DATASET EXCERPT:

--------------------------------

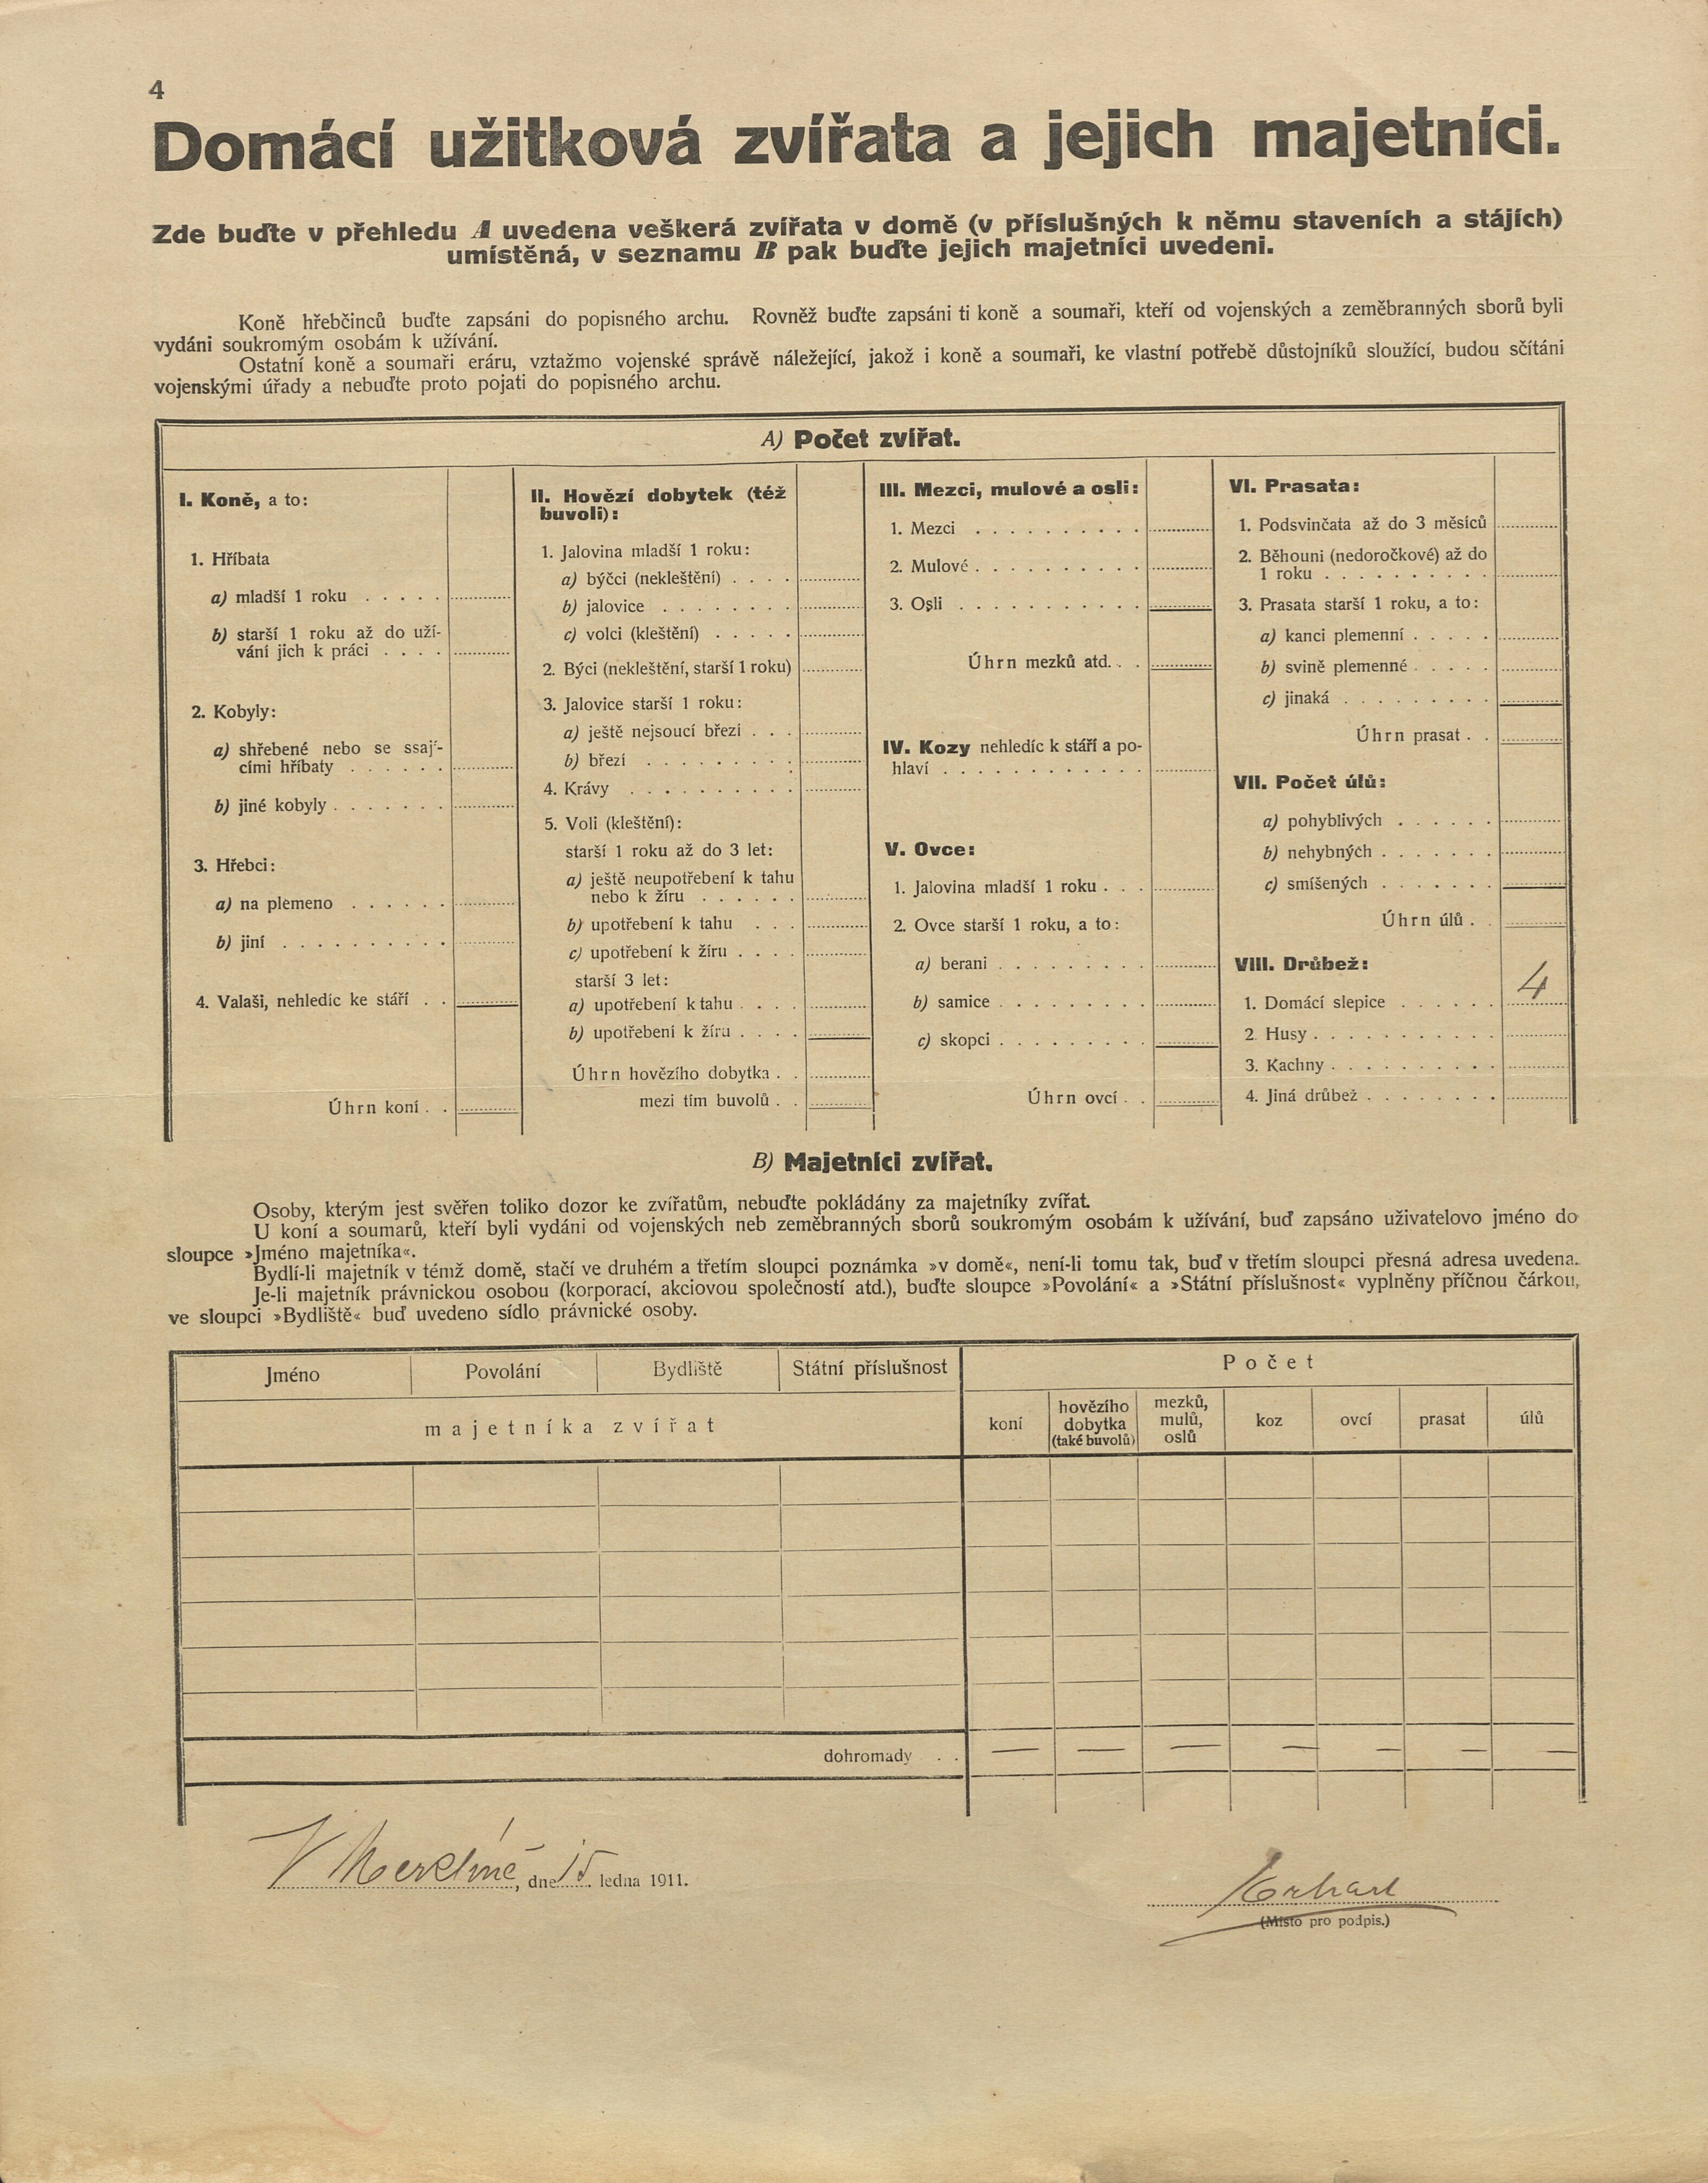 5. soap-pj_00302_census-1910-merklin-cp209_0050
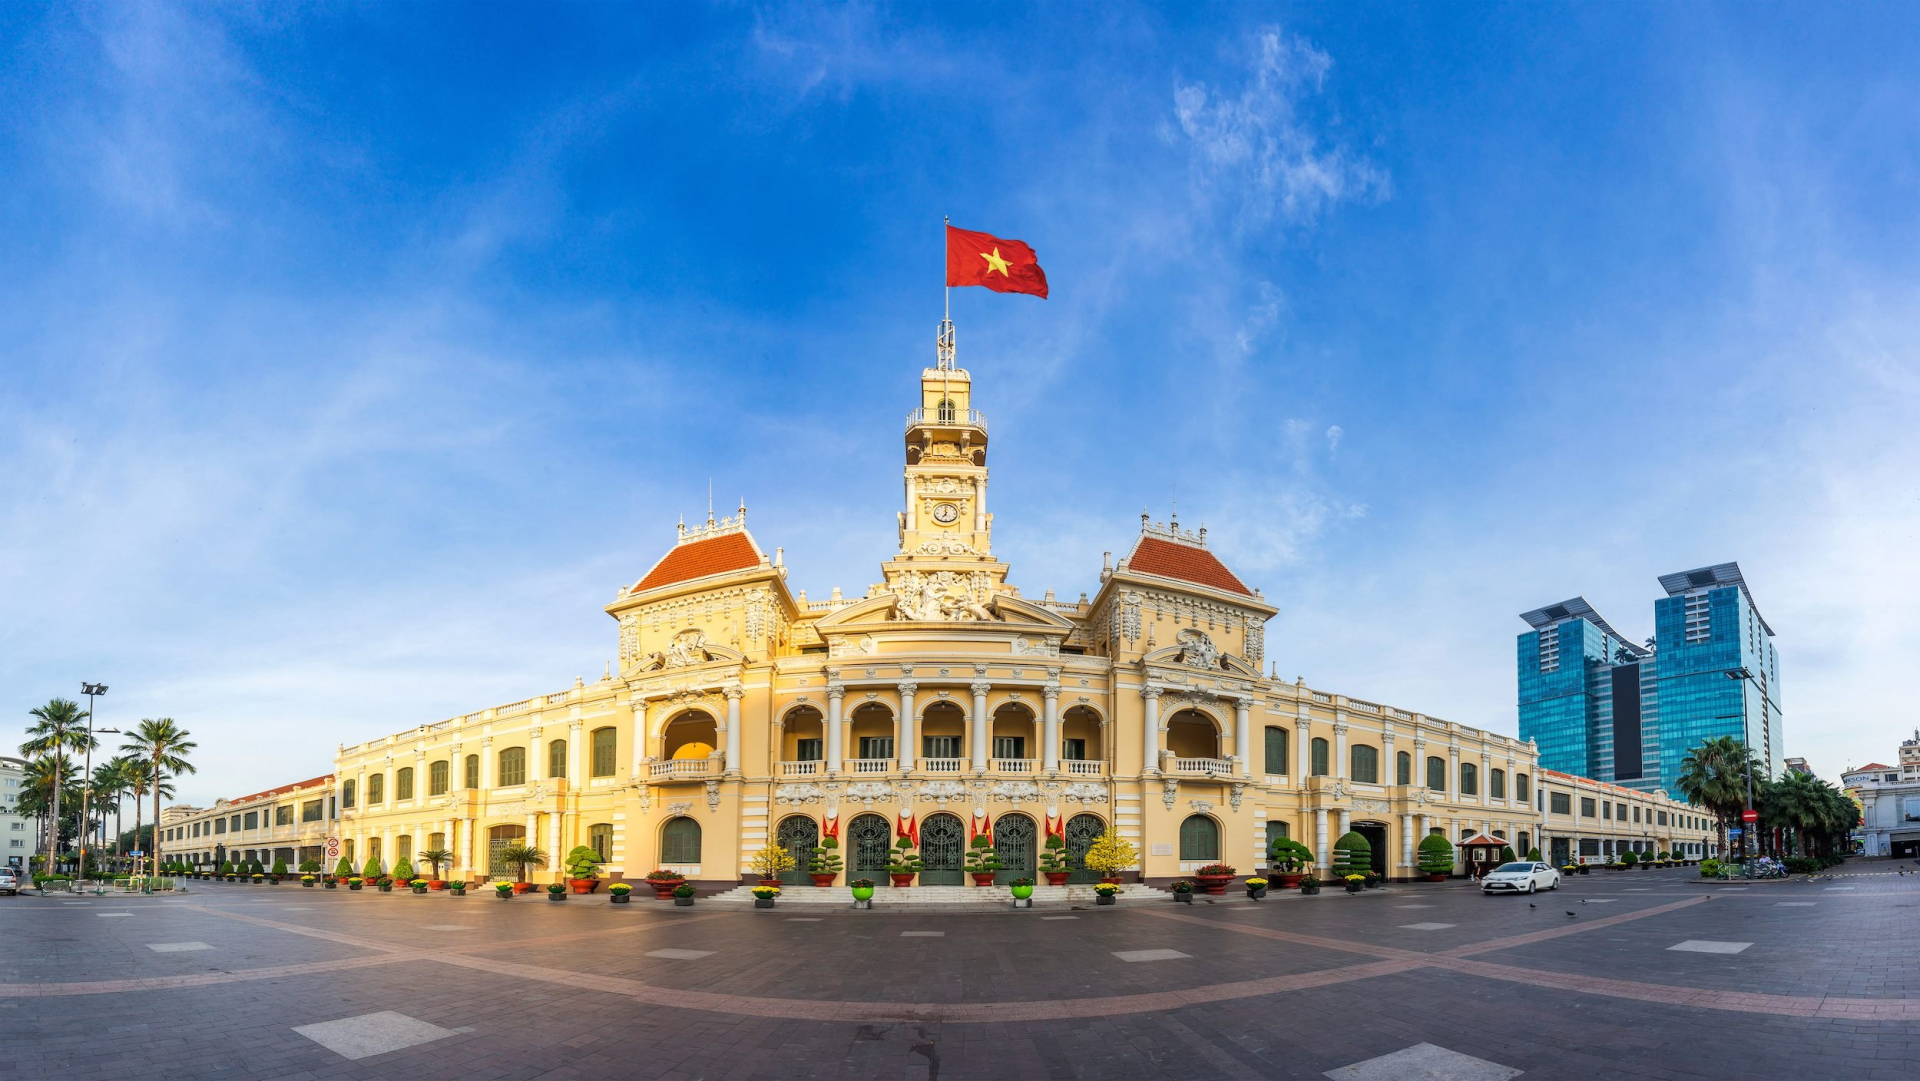 Câu hỏi tưởng dễ mà lại khó “Tỉnh nào có tên dài nhất Việt Nam?”, 90% người trả lời sai - ảnh 6
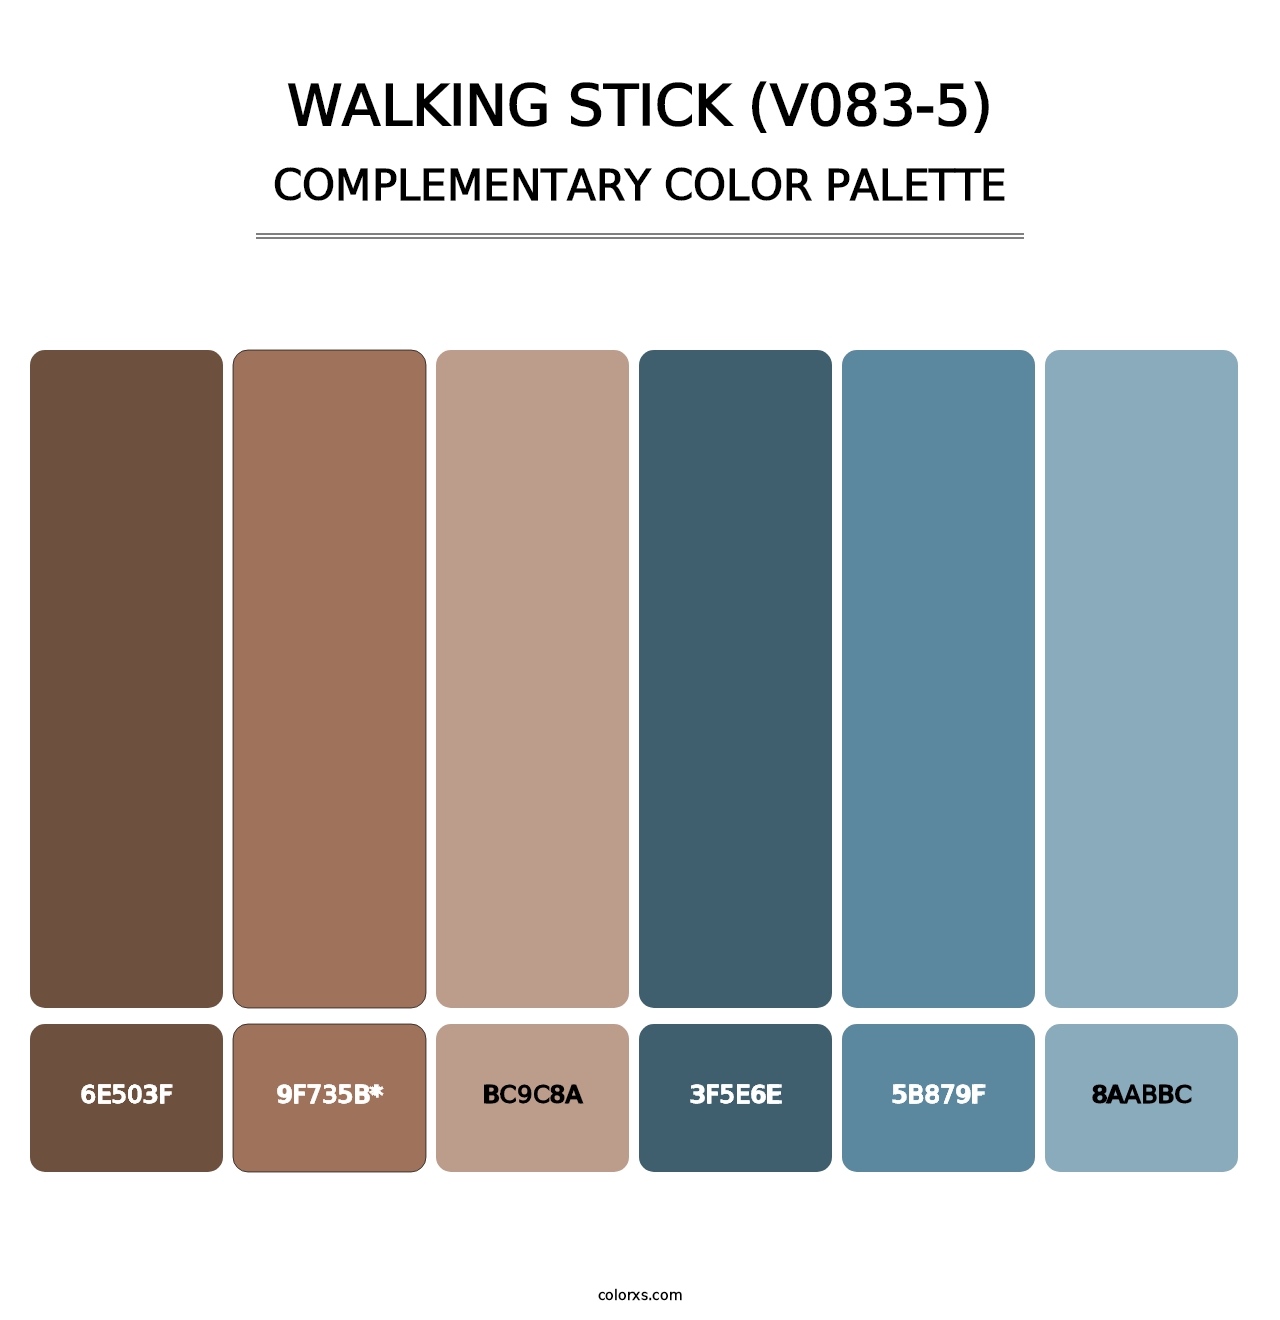 Walking Stick (V083-5) - Complementary Color Palette
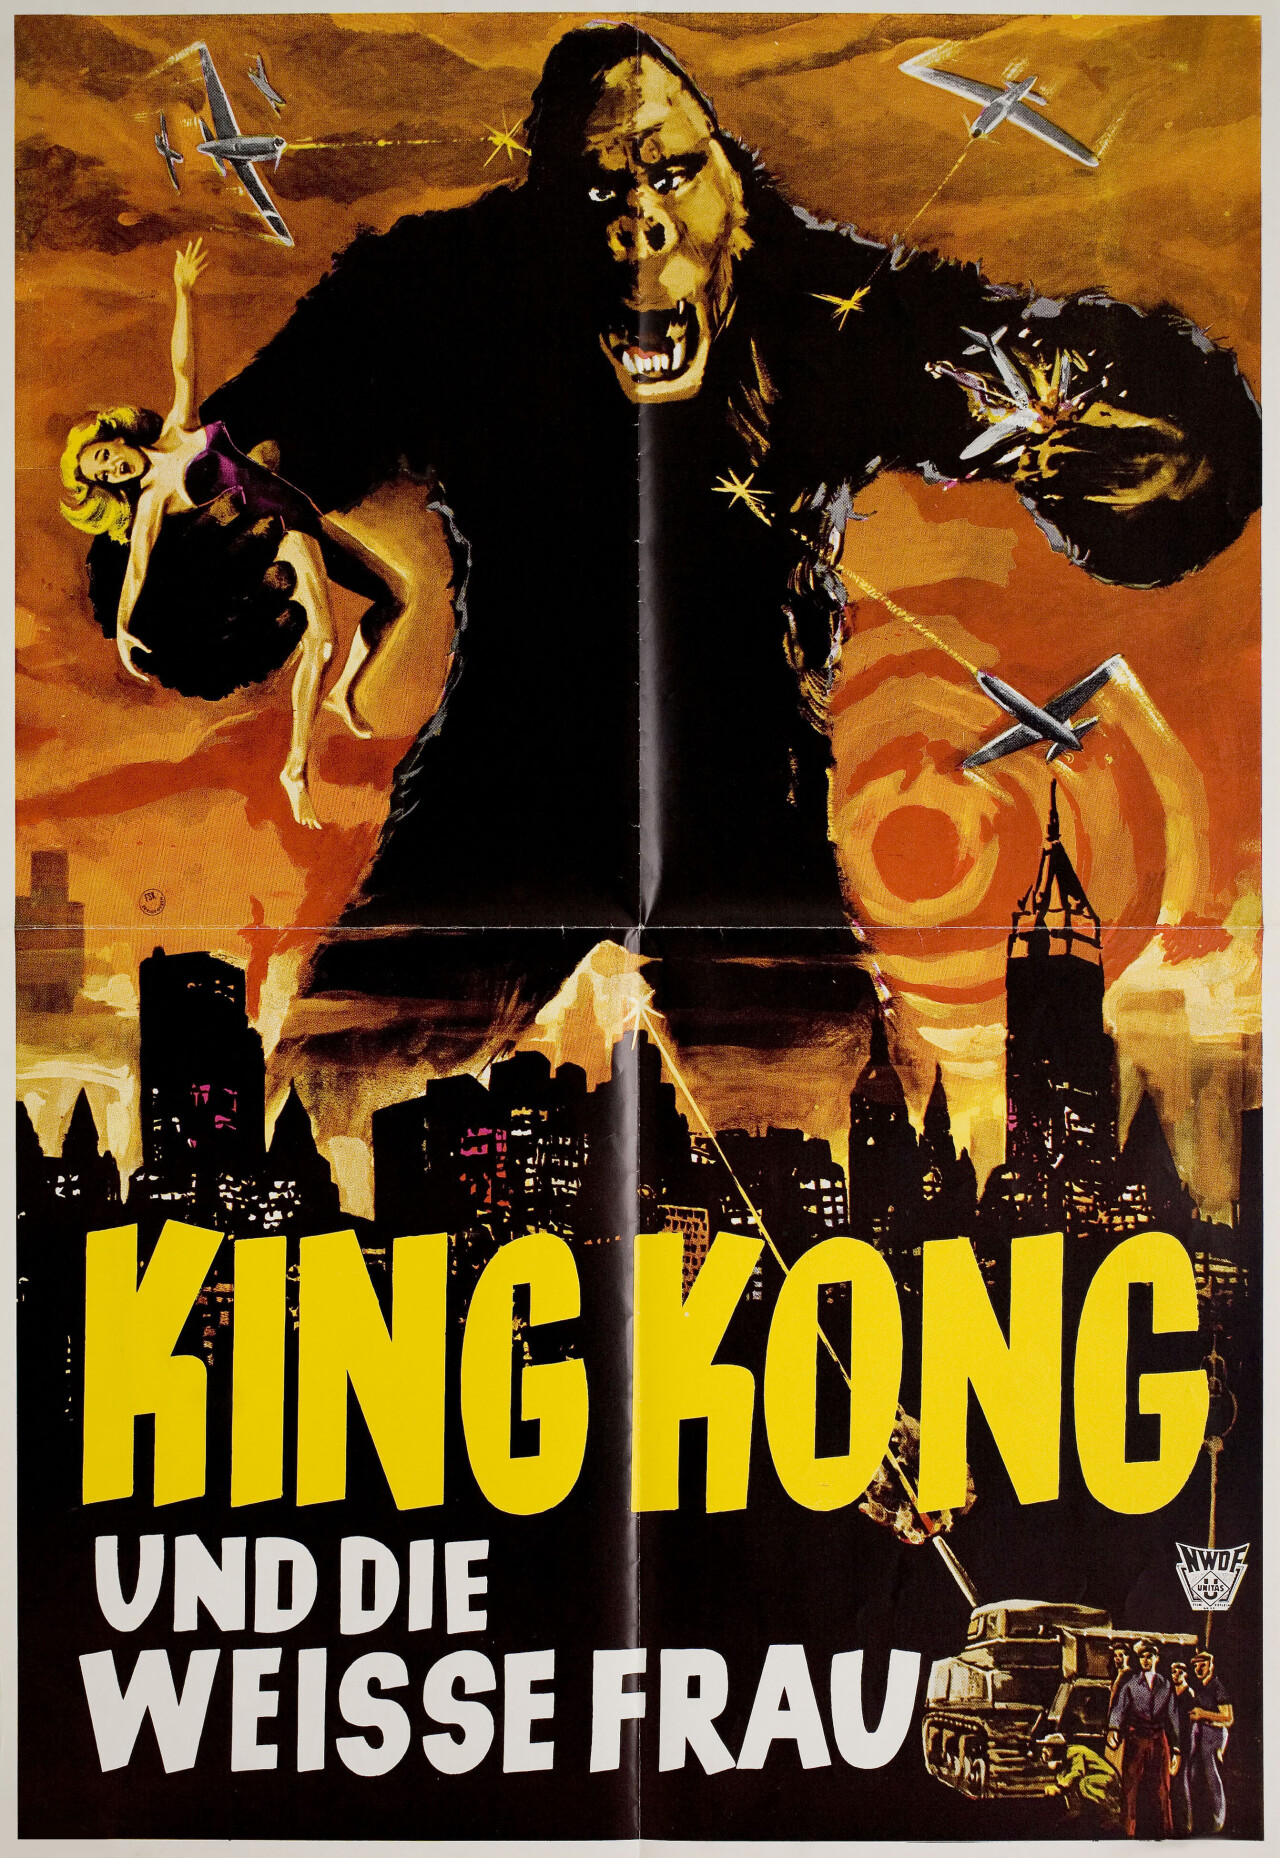 Кинг Конг (King Kong, 1933), режиссёр Мериан К. Купер, немецкий постер к фильму (монстры, 1960 год)

--------------------------------

EXERCISE OBJECTIVE: Leave the pictures out and copy the rest of the data exactly.

TASK SOLUTION:
 5. soap-pj_00302_census-1910-merklin-cp209_0050
 Câu hỏi tưởng dễ mà lại khó “Tỉnh nào có tên dài nhất Việt Nam?”, 90% người trả lời sai - ảnh 6
 Walking Stick (V083-5) - Complementary Color Palette
 Кинг Конг (King Kong, 1933), режиссёр Мериан К. Купер, немецкий постер к фильму (монстры, 1960 год)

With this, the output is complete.